United States District Court, D. South Carolina, Columbia Division
ORDER AND OPINION
MARGARET B. SEYMOUR SENIOR UNITED STATES DISTRICT JUDGE.
The
within action arises from a series of events that began in
2007, when Nominal Defendant SCANA Corporation
(“SCANA”) received legislative approval to
construct a nuclear power facility at the V.C. Summer Nuclear
Generating Station in Fairfield County, South Carolina. SCANA
and its partner spent approximately $9 billion on the
project, which ultimately was abandoned.
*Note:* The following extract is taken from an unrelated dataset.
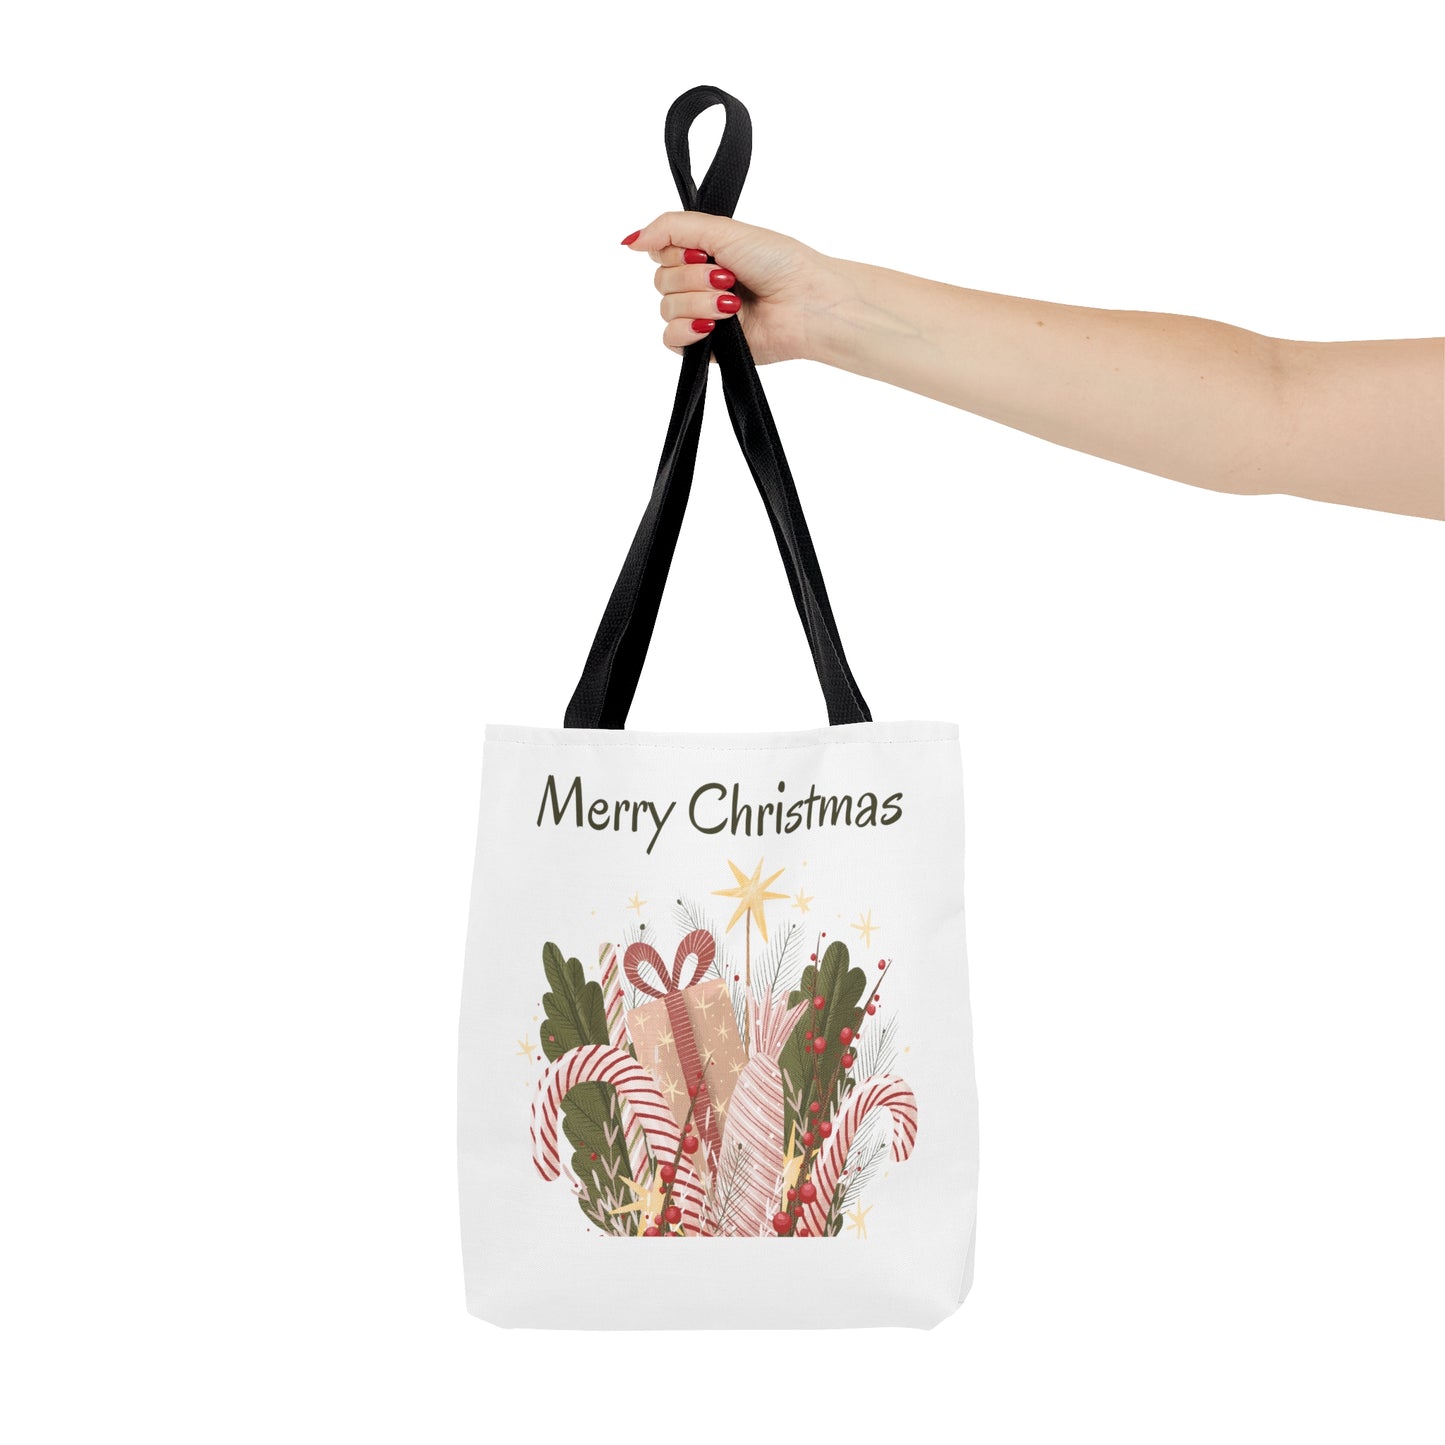 Merry Christmas Gift Printed Tote Bags, Reusable Tote Bag

Plaintiffs Colleen
Witmer and Richard Wickstrom, derivatively on behalf of SCANA
Corporation, filed separate actions that were consolidated by
order filed January 23, 2018.[1] Plaintiffs filed an amended
derivative complaint on January 30, 2018, and a corrected
amended derivative complaint on July 9, 2018. Plaintiffs
allege that SCANA lost billions of dollars in write-downs and
unrecoverable costs, lost billions in market capitalization,
and has been exposed to civil and criminal liabilities.
Plaintiffs contend Defendants Kevin B. Marsh, Gregory E.
Aliff, James A. Bennett, John F.A.V. Cecil, Sharon A. Decker,
D. Maybank Hagood, Lynne M. Miller, James W. Roquemore, Maceo
K. Sloan, Alfredo Trujillo, Stephen A. Byrne, James M.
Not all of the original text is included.